The mode adopted in my inquiry was as simple as is the geological configuration of the country. From the circumstance of the masses and strata assuming, with few exceptions, a direction from N. E. to S. W., the determination of their horizontal and vertical positions was accomplished by means of a series of zigzag sections, made across the country, and by the examination of the flanks of the dividing range, against which the different strata abutted.

Like the Alleghany Mountains in the United States, that range was as a book, the leaves of which contained all the materials needed for the investigation, and furnished not only a key to explain the order of its superposition, but also a guide towards Wilson's Promontory, the south-eastern extremity of New Holland, which I looked upon as the closing page of the intended geological inquiry.

When, however, the course of my perambulations brought me to the edge of that promontory, and thence to the islands of Bass's Straits, and from these again to Cape Portland, Van Diemen's Land; when, further, the survey of Van Diemen's Land led me winding east and west down to Research Bay, I found such striking correspondence of parts to the explored tract of New South Wales, that as I went on

I could not resist the temptation to extend my inquiry until it finally brought me to South Cape, Van Diemen's Land, and thus joined that island and New South Wales in one geological survey.

I have arranged the descriptive parts of this survey in epochs, which the geological formations have successively marked upon the surface of the two regions.

The mineral constituents of each epoch are distinguished by a strictly mineralogical nomenclature, in preference to a geological, as the latter can not as yet be applied to Australian rocks without involving questionable analogies, or implying identities with eras of deposition in other parts of the world.

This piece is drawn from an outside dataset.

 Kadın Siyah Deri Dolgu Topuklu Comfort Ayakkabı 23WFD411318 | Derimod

Their geological relations have nevertheless been carefully taken into account, and described in respect to locality, extent, range, height, superposition, thickness, and inclination of the strata, organic remains, and mineral contents.

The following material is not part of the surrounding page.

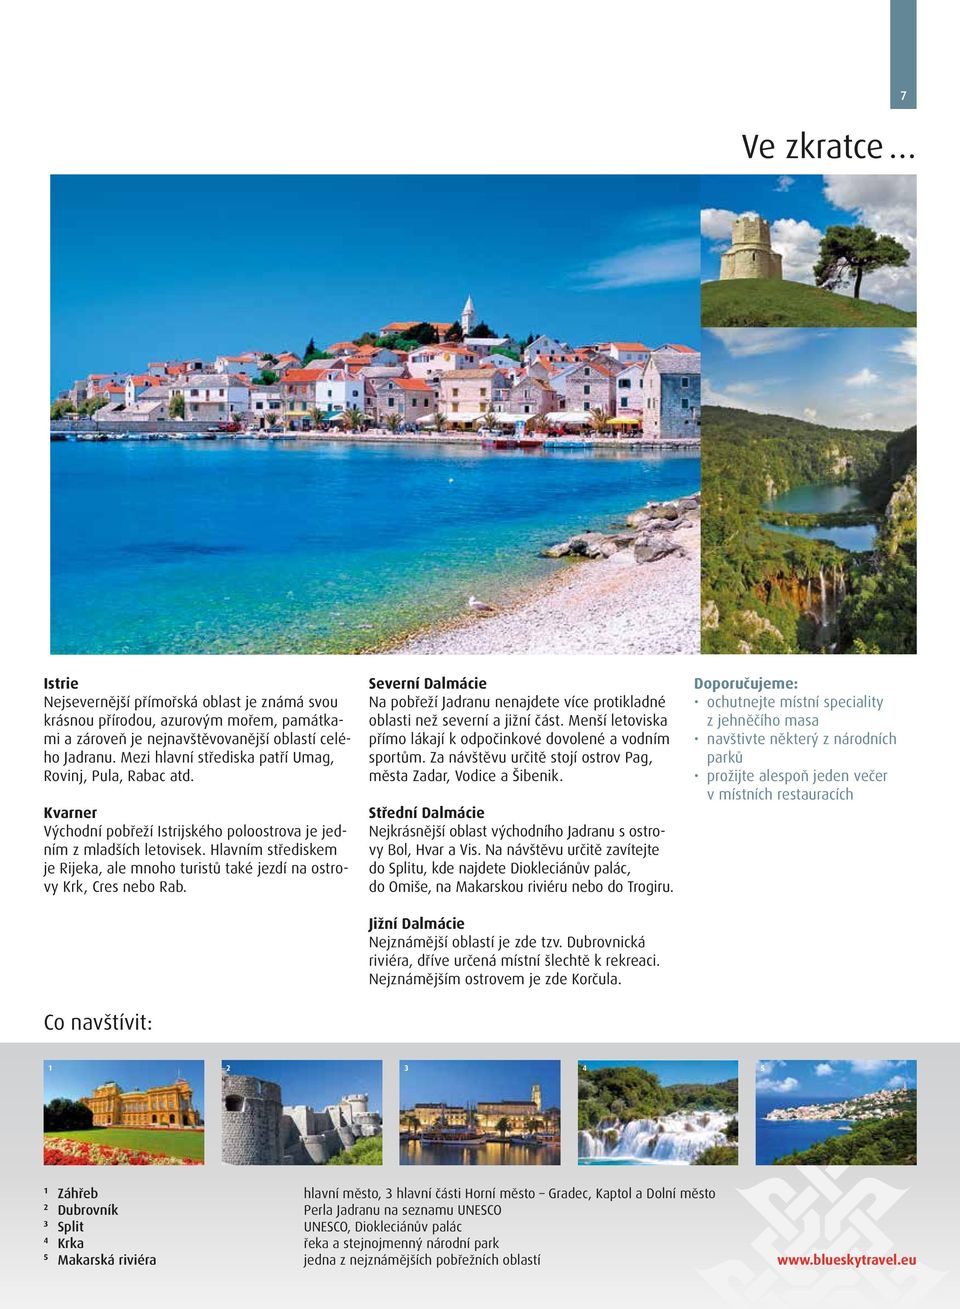 Hlavním střediskem je Rijeka, ale mnoho turistů také jezdí na ostrovy Krk, Cres nebo Rab. Co navštívit: Severní Dalmácie Na pobřeží Jadranu nenajdete více protikladné oblasti než severní a jižní část.

Their mineralogical character has been also noticed, and the chemical analyses of some will be given.

In the shape now offered to the reader, this geological description is far below what I had hoped at the outset my labours would have enabled me to produce. Neither perseverance nor devotion to the pursuit has been wanting. But these, combined with 7000 miles which I made on foot, have procured for me only the consciousness of how little I have done, and how much is still needful to complete such a delineation as the geology of the present day requires.

And all that I have collected during five years of labour I can view only as rudiments of what science may expect at a future period from the division of labour, and from the unparalleled progress of intel

lectual and commercial development of New South Wales and Van Diemen's Land.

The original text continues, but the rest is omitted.